When you use E-MapReduce (EMR), cluster instability may occur or clusters may become unavailable due to unexpected operations. Take note of the information in this topic to avoid these issues. This topic describes the limits of EMR.

Notice When you use EMR, you must perform all operations in the EMR console. We recommend that you do not perform operations in the Elastic Compute Service (ECS) console. This may cause cluster instability or abnormalities. Take note of the information in this topic. In the case that you perform the operations that are prohibited, you will bear the consequences and responsibilities.

High-risk operations (prohibited)

Operation Possible result Suggestion
Delete or modify the hosts file that is stored in the etc/ directory. You cannot find the services that run on the nodes of your cluster, which causes service exceptions. Add information to the hosts file.
Modify parameters in component configuration files in the ECS console. After specific services are restarted, the settings of the parameters that are modified are overwritten. Modify the parameters in the EMR console.
Attach disks to the nodes of your EMR cluster in the ECS console. The disks are unavailable because EMR cannot recognize and initialize the disks. Add data disks in the EMR console.
Detach disks from the nodes of your EMR cluster in the ECS console. This may cause data loss because EMR is unaware of the disk detaching operation.

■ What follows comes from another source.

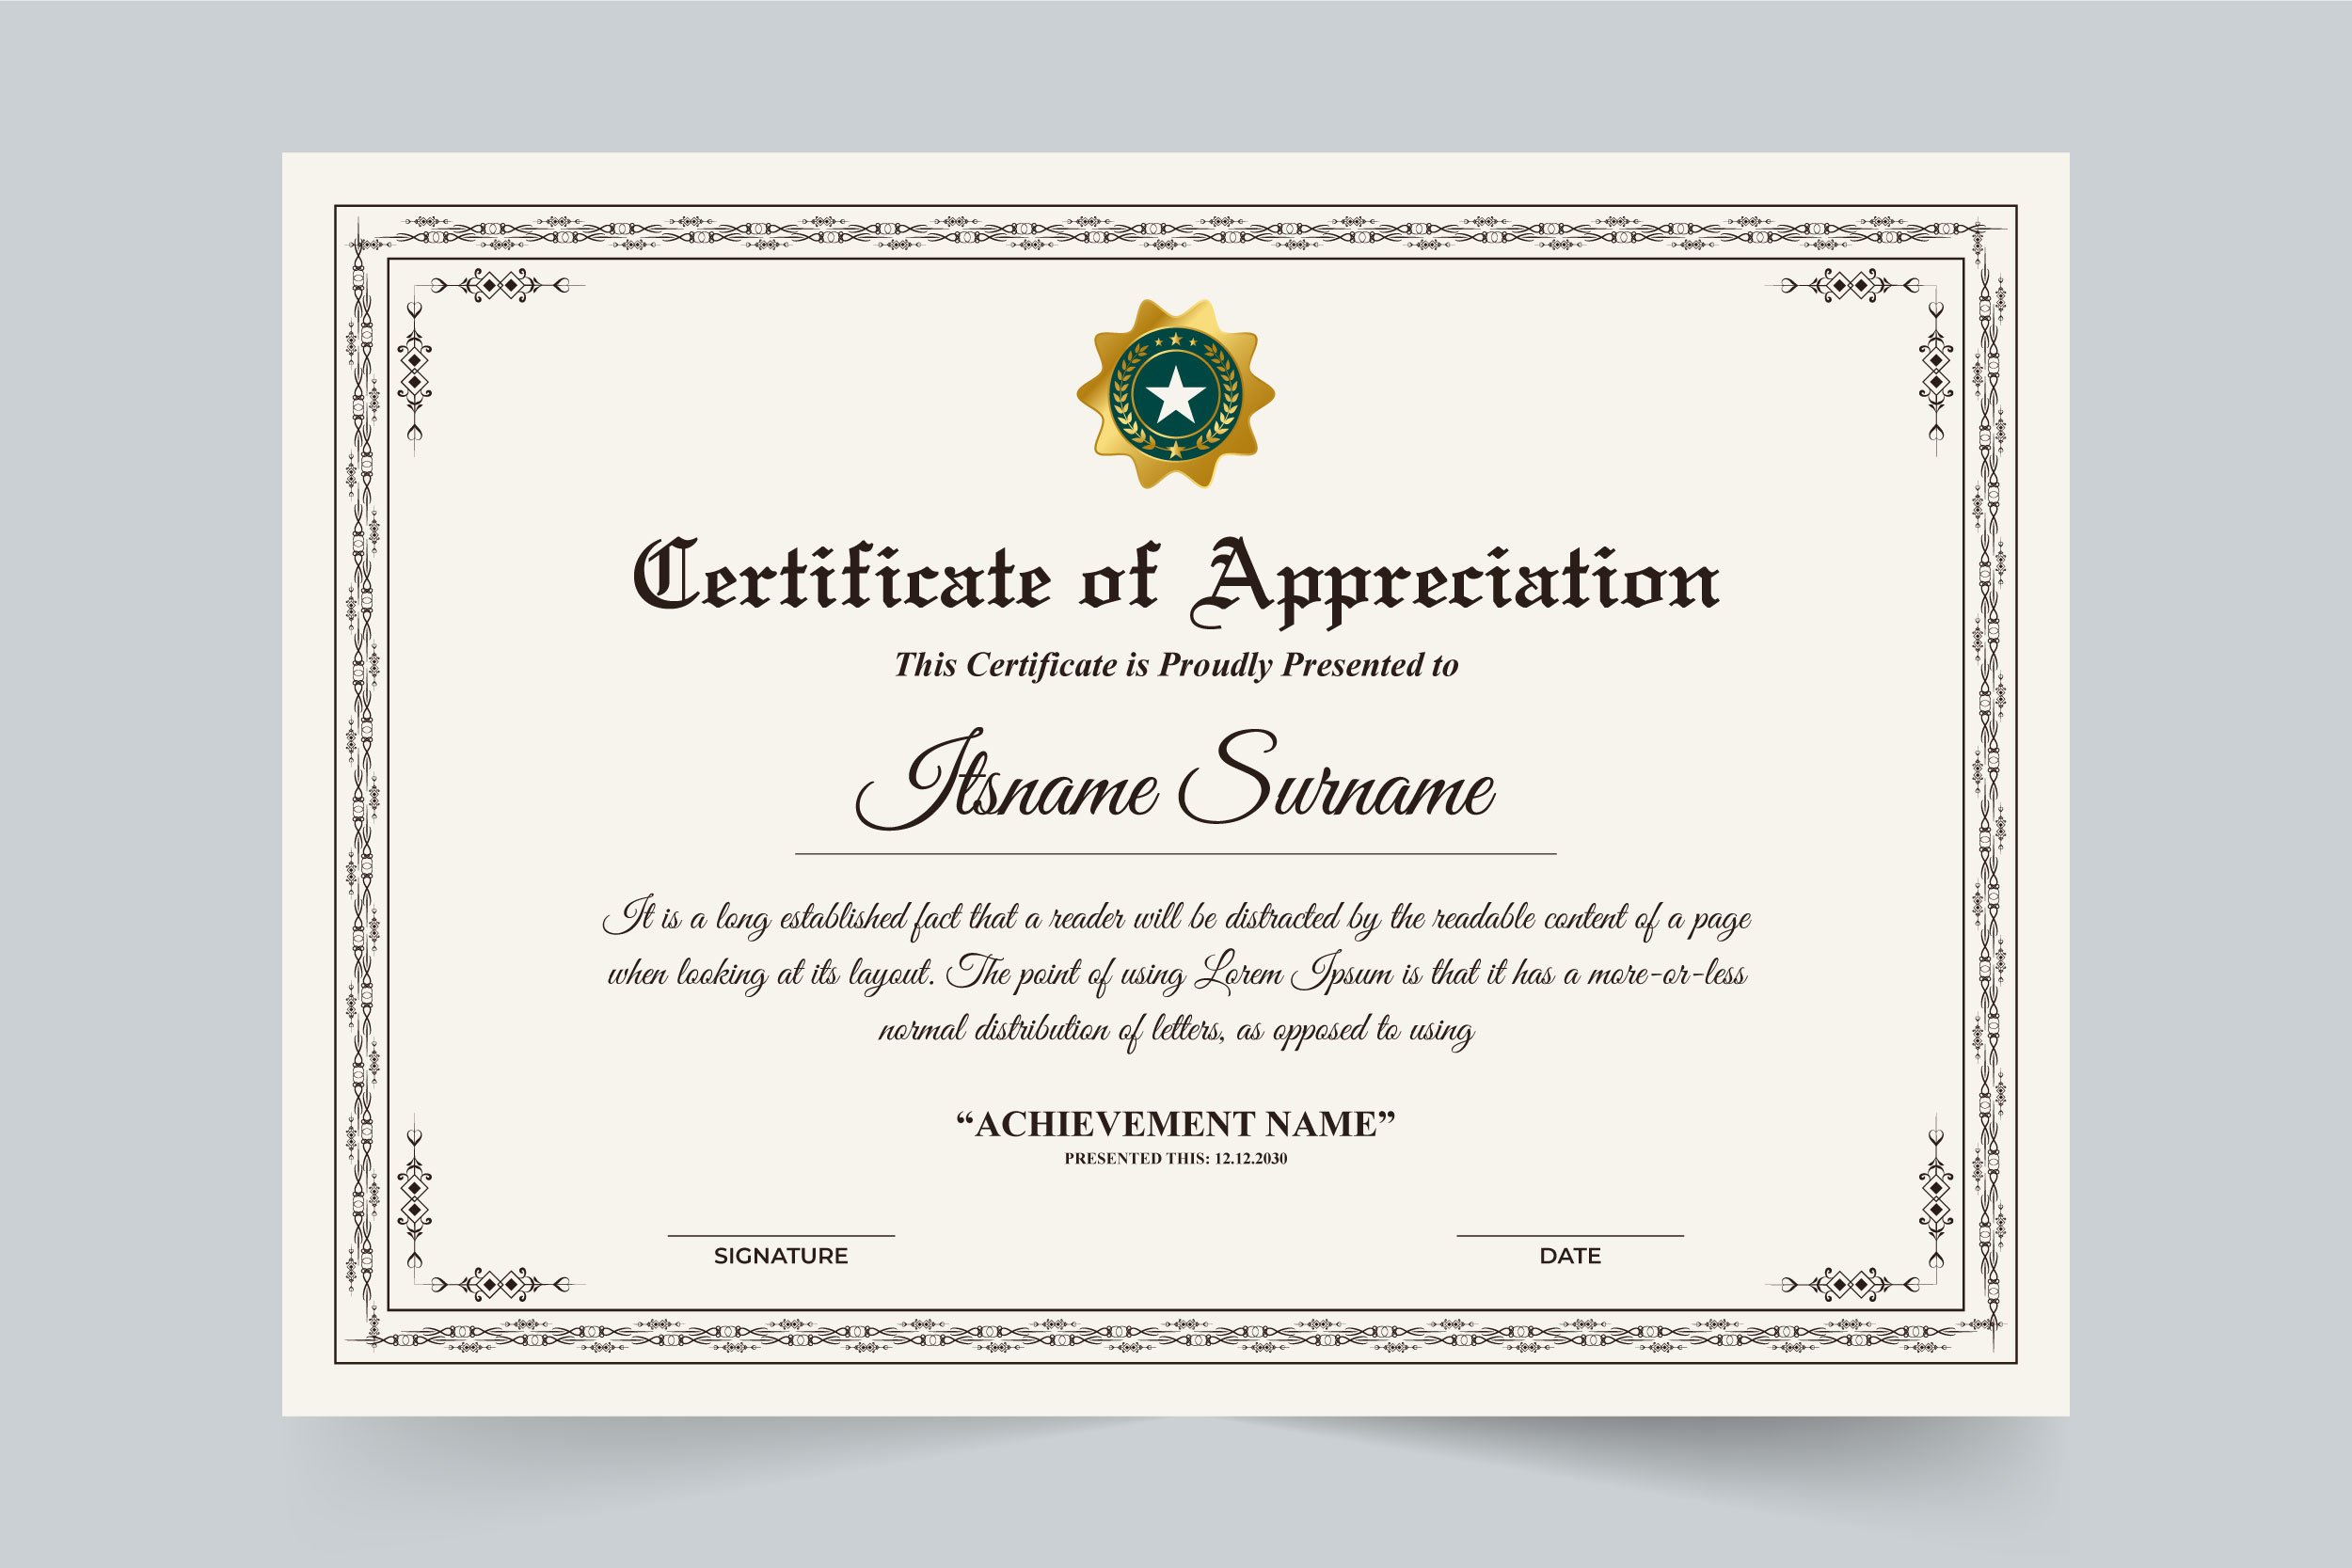 Achievement certificate template cover image.

Perform the following operations on specific nodes:
  • Core nodes: Disable the HDFS, YARN, HBase, Kudu, or Kafka component. Then, stop and disconnect the nodes from your cluster.
  • Task nodes: Disable the YARN component. Then, stop and disconnect the nodes from your cluster.
Remove core nodes in the ECS console. This causes data loss, and execution failures of jobs on the removed nodes. Disable the HDFS, YARN, HBase, Kudu, or Kafka component.
Remove master nodes in the ECS console.
  • For an HA cluster, if you remove master nodes, the switchover of HDFS NameNode HA, YARN ResourceManager, or HBase HMaster fails. In this case, you must purchase a new EMR cluster to migrate data or tasks.
  • For a non-HA cluster, if you remove the master node, the cluster becomes unavailable, and you cannot migrate data or tasks.
N/A
Remove task nodes in the ECS console. The jobs that you run on the removed nodes fail. Stop the NodeManager of YARN.
Stop the MySQL service of the master node. (Type is set to Built-in MySQL when you create an EMR cluster.) The MySQL service deployed on the emr-header-1 node is associated with Hive MetaStore, Oozie, and Ranger. If you stop the MySQL service, the associated components cannot access the specific database. N/A
Change the password of the root user that is used to access the MySQL service deployed on the emr-header-1 node. (Type is set to Built-in MySQL when you create an EMR cluster.) The associated component such as Hue or Ranger fails. N/A
Modify the security group to which ECS instances belong when an EMR cluster is running.
  • The network connection between nodes is abnormal.
  • Components become unavailable.
N/A

FAQ

Problem description Solution
Insufficient disk capacity Increase the capacity of a single disk or add core nodes in the EMR console. EMR clusters do not support the addition of disks.
Excess disk capacity Purchase a new cluster and release the original one. For more information, see Create a cluster. EMR clusters do not support scale-down of disk capacity.
Insufficient computing capabilities Add task nodes in the EMR console. For more information, see Scale out a cluster.
Excess computing capabilities
Solutions to clusters with different billing methods:
  • For a pay-as-you-go cluster, remove task nodes from the EMR console.
  • For a subscription cluster, stop the NodeManager of YARN on a specific task node, change the billing method of the ECS instance that serves as the task node to pay-as-you-go in the ECS console, and then release the instance.
Outdated component versions Purchase a cluster of a later version. For more information, see Create a cluster. Existing clusters do not support the version update of a single component.
Conversion from a non-HA cluster to an HA cluster We recommend that you purchase an HA cluster. Existing non-HA clusters cannot be converted into HA clusters.
Deployment of third-party software or services on EMR We recommend that you perform bootstrap actions to install third-party software or services when you create a cluster.

If you manually install third-party software or services after you create a cluster, when you add nodes, you must manually install the third-party software or services again on the added nodes.